In this article I will examine two companies in order to answer a question that has been bothering me - what is it that enables loss-making companies still make money for investors? How can a company that has been losing money as a business still manage to make money as a stock? How can some stocks manage to live with unrealistic valuations for so long? What makes these stocks tick?
Both salesforce.com inc. (NYSE:CRM) and Workday Inc. (NYSE:WDAY), our objects of study, are in the same sector - technology - and the same industry - software and programming, and both have returned more than 25% in the past one year.
So what's wrong with that, you may ask.
What is wrong is that both are loss-making companies and have been reporting losses quarter after quarter.
The company was incorporated in March 2005 and since price data is available only from October 2012 onwards, I assume that it was listed then. The company provides cloud-based applications for human capital management, payroll, financial management, time tracking, and procurement and employee expense management. Its business model focuses on consumer internet and cloud computing experience.
In the quarter ended October 2012, it was able to "surprise" analysts by reporting 12.5% more earnings per share than they were expecting. It is another matter that analysts had forecast a loss of $0.56 per and the company reported $0.49 per share loss. The quarterly earnings report was released on November 28, 2012 and between November 15, 2012 and November 28, 2012 the stock gained 12.26% and has continued moving up and appreciated another 19% since the day results were made public.
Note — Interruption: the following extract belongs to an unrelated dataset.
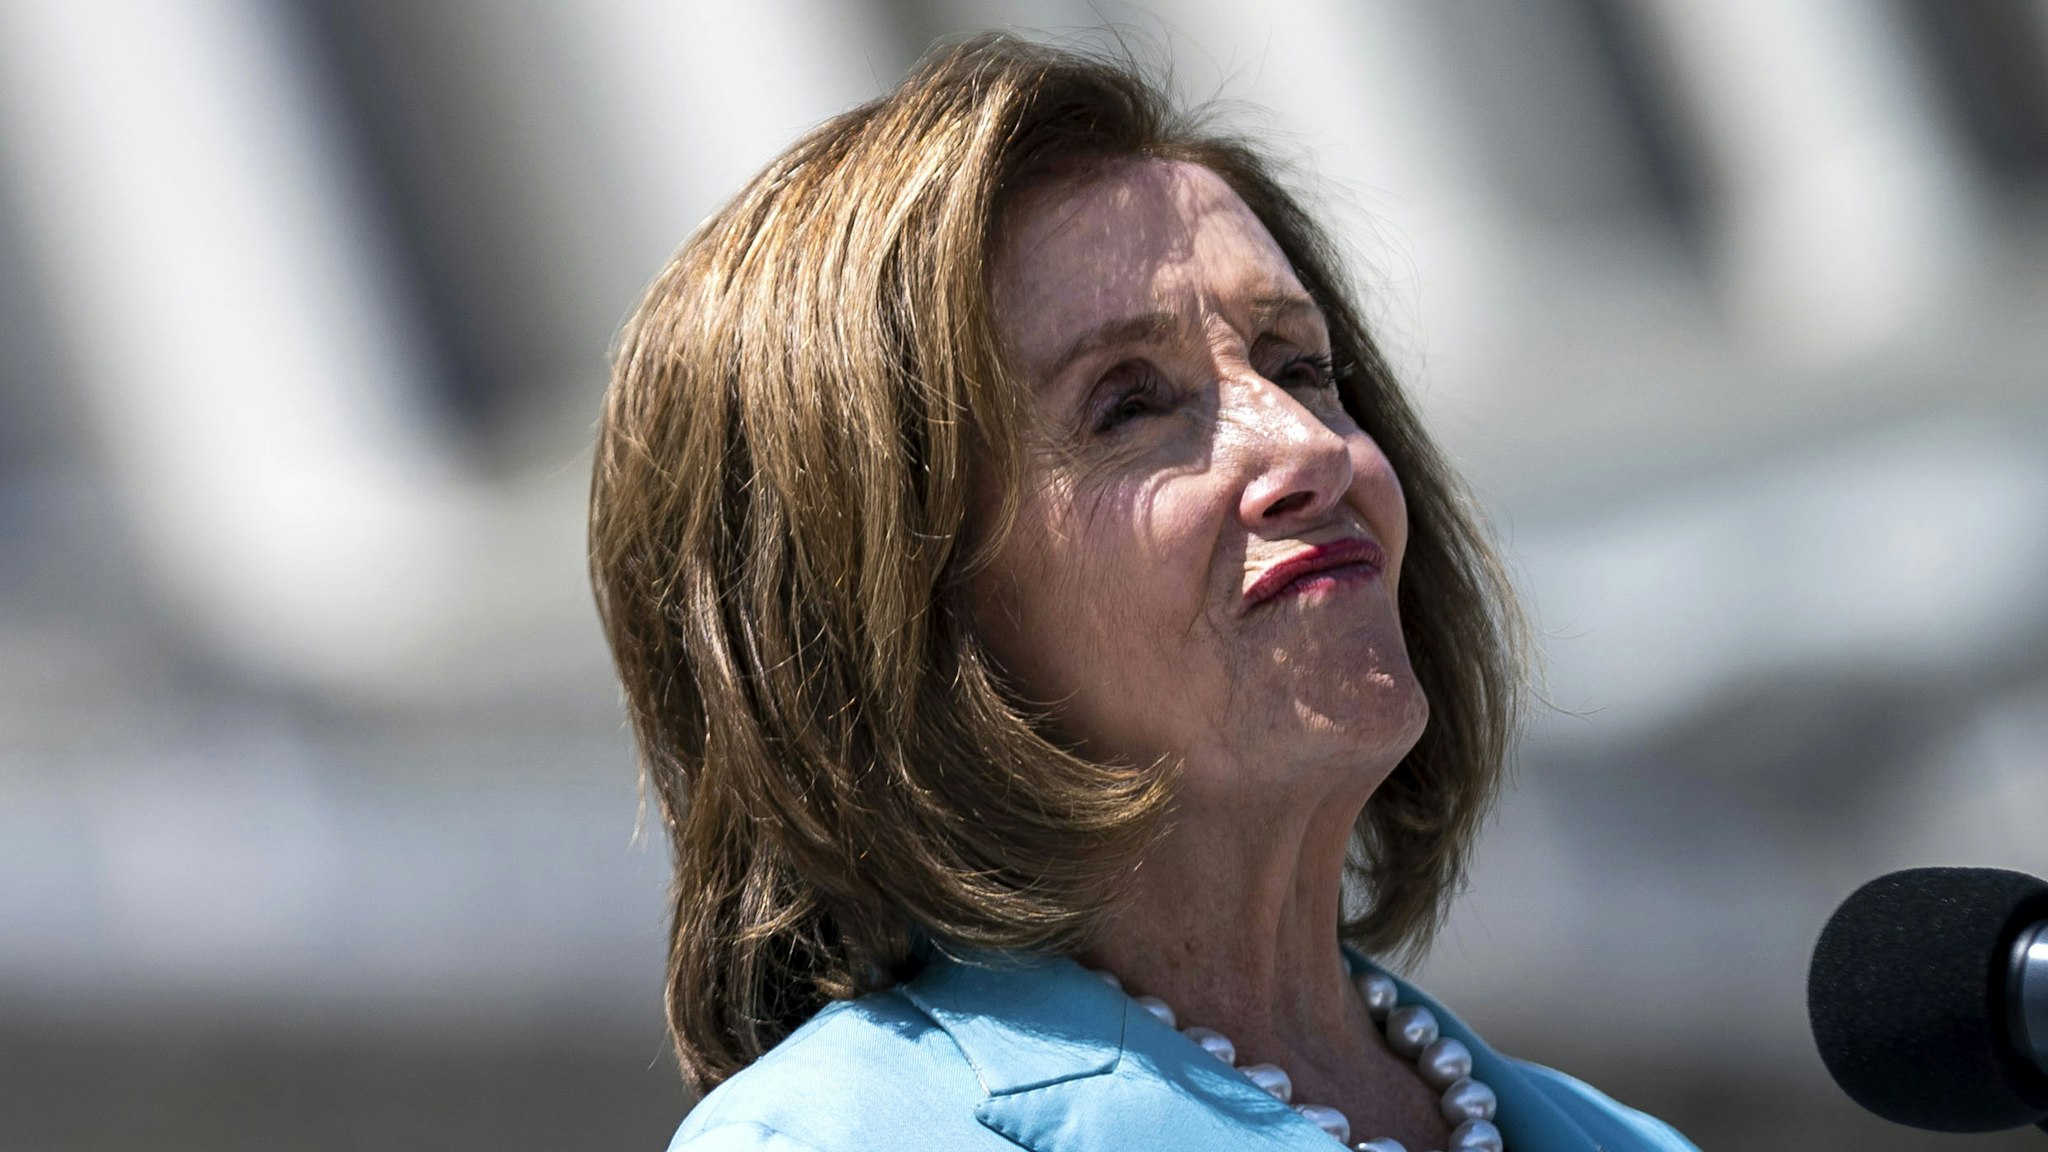 Washington, DC - May 19 : Speaker of the House Nancy Pelosi of Calif., speaks during a news conference about gun violence, replacement theory, and the recent mass shooting in Buffalo, on Capitol Hill on Thursday, May 19, 2022 in Washington, DC.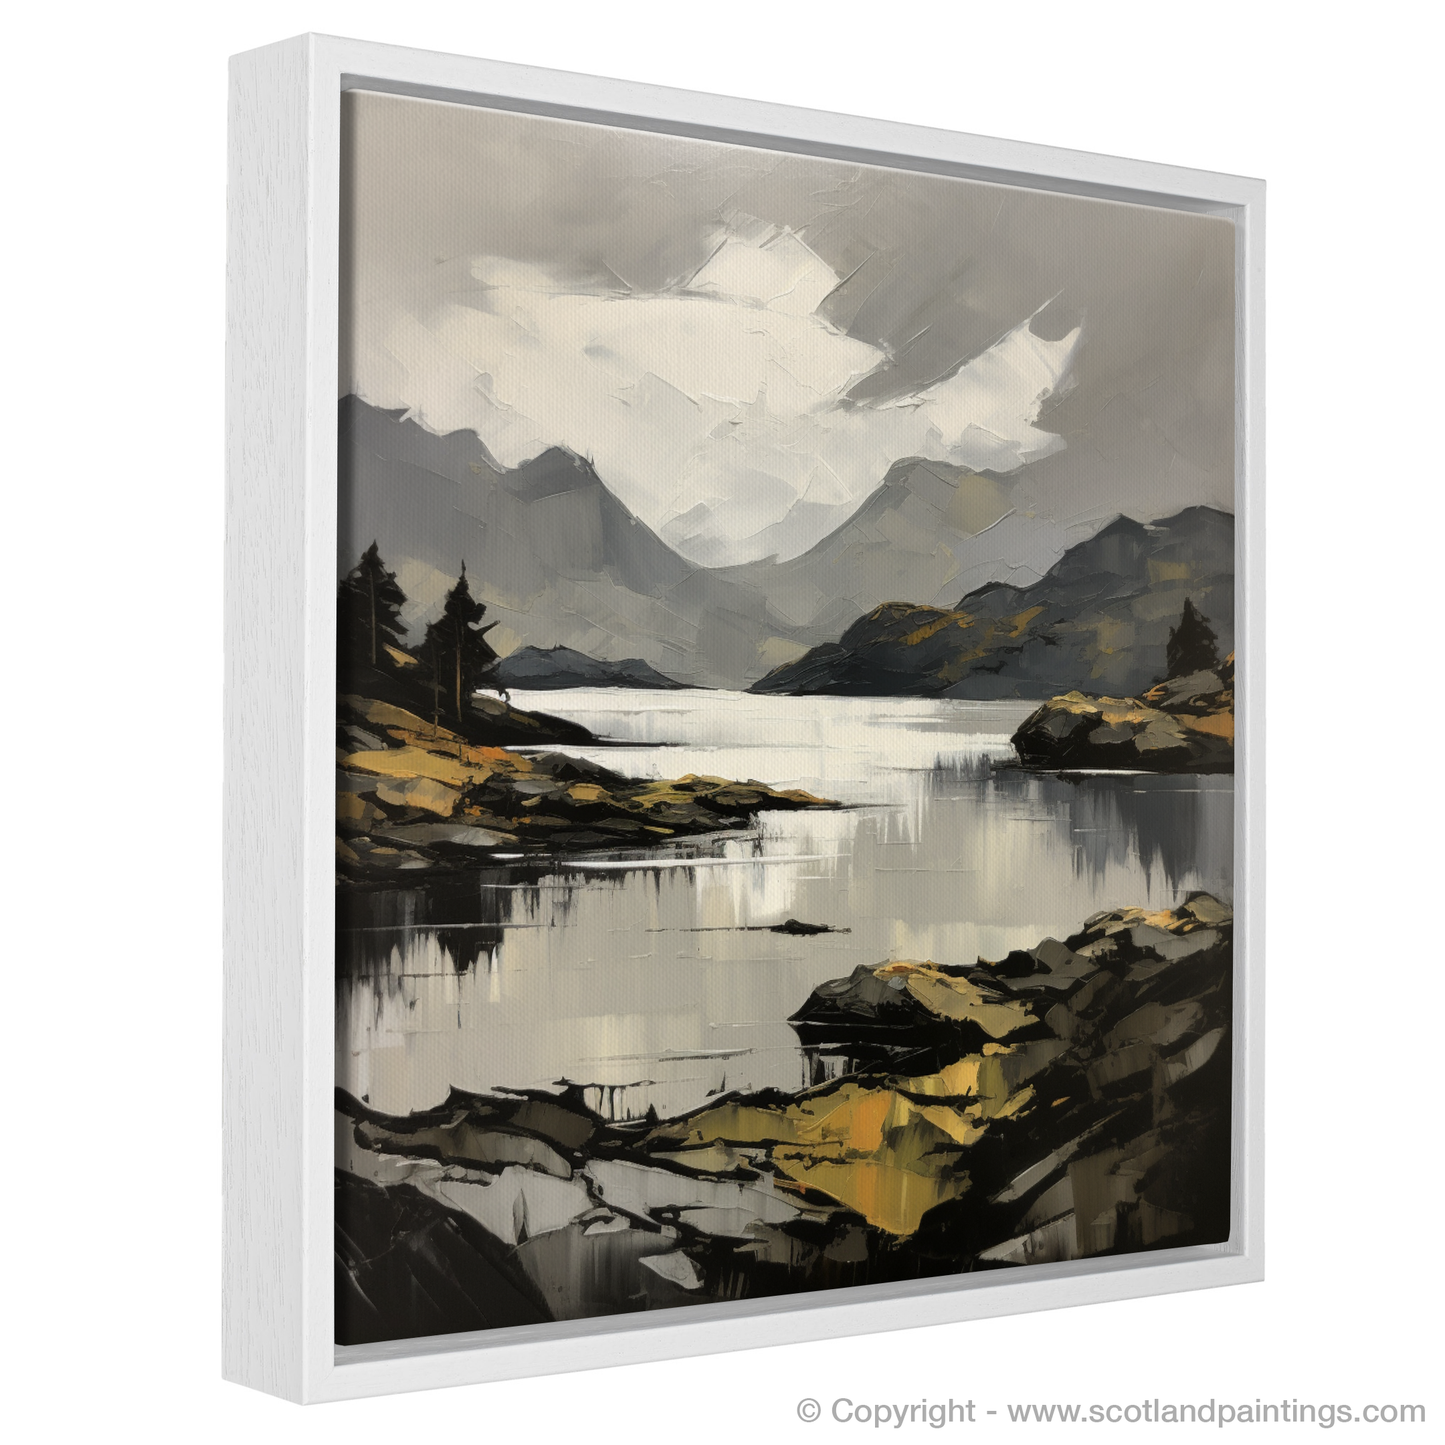 Painting and Art Print of Loch Morar, Highlands entitled "Highland Majesty: The Brooding Beauty of Loch Morar".

Workday released its Q4 and Fiscal Year 2013 results on March 7, 2013. The stock rose almost 17% in the first week of March 2013, only to fall 4.5% on the day results were declared. The results were encouraging as far as total revenue (up 89% from prior quarter) is concerned but the company failed to report a profit. However, at $0.19 net loss per share was considerably lower than per share loss of $0.49 reported in the previous quarter and the loss of $0.77 per share in the same quarter prior year.
Salesforce.com provides cloud computing and social enterprise solutions. It provides a customer and collaboration and relationship management applications over the internet or cloud.
The company reported incremental losses in the four quarters before the most recent quarter ended January 2013, results for which were reported on February 28, 2013..
In the most recent quarter, salesforce.com reported a net loss of $20.84 million. Whereas this is much less than the prior quarter ($220.29 million), the FY 2013 annual loss ($2.70 billion) is far, far more than the $11.57 million loss reported for FY 2012. The fiscal year 2012 and 2013 losses need to be seen in light of the fact that:
- quarter-over-quarter as well as year-over-year revenues have been growing - revenue in FY 2013 registered a growth of more than 30% over prior year
- the company reported net profit in FY 2010 and 2011
While I do not wish to go into the reasons for such disproportionate figures, I would like to draw attention to this article, should you want to know about CRM figures.
Despite such bleak figures, CRM stock appreciated 9% in March 2013 and 28.29% in one year and 225% in five years.
In case of Workday, there is some sort of a reasoning that the market reacted to news of a substantial reduction in loss but how does one explain the performance of CRM's stock in light of the fact that it has been making a net loss consecutively for five (actually seven) quarters? Moreover, how does one explain the performance of these stocks in light of their negative margins, operating as well as profit?
That leaves us to see future prospects. Analysts are not hopeful of Workday's ability to post profits and do not expect it to report a positive EPS in the near future, not even until January 2016. However, they are quite sanguine about salesforce.com and expect it to report an EPS of $0.22 in FY 2014 and $0.7 in FY 2015. However, at current market price, the stock is trading at an exceptionally high forward (January 31, 2015) P/E of 73.20.
We see unbelievably high P/E ratios in the software and programming sector. For example, Interactive Intelligence Group (NASDAQ:ININ), a small-cap company that provides software applications, is trading at P/E of 1,096.87 with an EPS of $0.04. ClickSoftware Technologies (NASDAQ:CKSW), another small-cap company that provides software products and solutions, is trading at a P/E ratio of 38.33. This is explainable because it is a dividend-paying company with a high-dividend yield of 3.65% and $0.23 EPS, which analysts expect will grow by 100% in December 2014.
Such high valuations are not justified. There is also a limit to which one would pay for a stock on the basis of forward earnings. Considering everything, I do not see any logic in the high valuation of Workday and salesforce.com. I would go by what the writer of this article says about the dot.com bubble, "During the late '90s the market was valuing stocks to the moon and analysts had no explanation for it, so they invented explanations".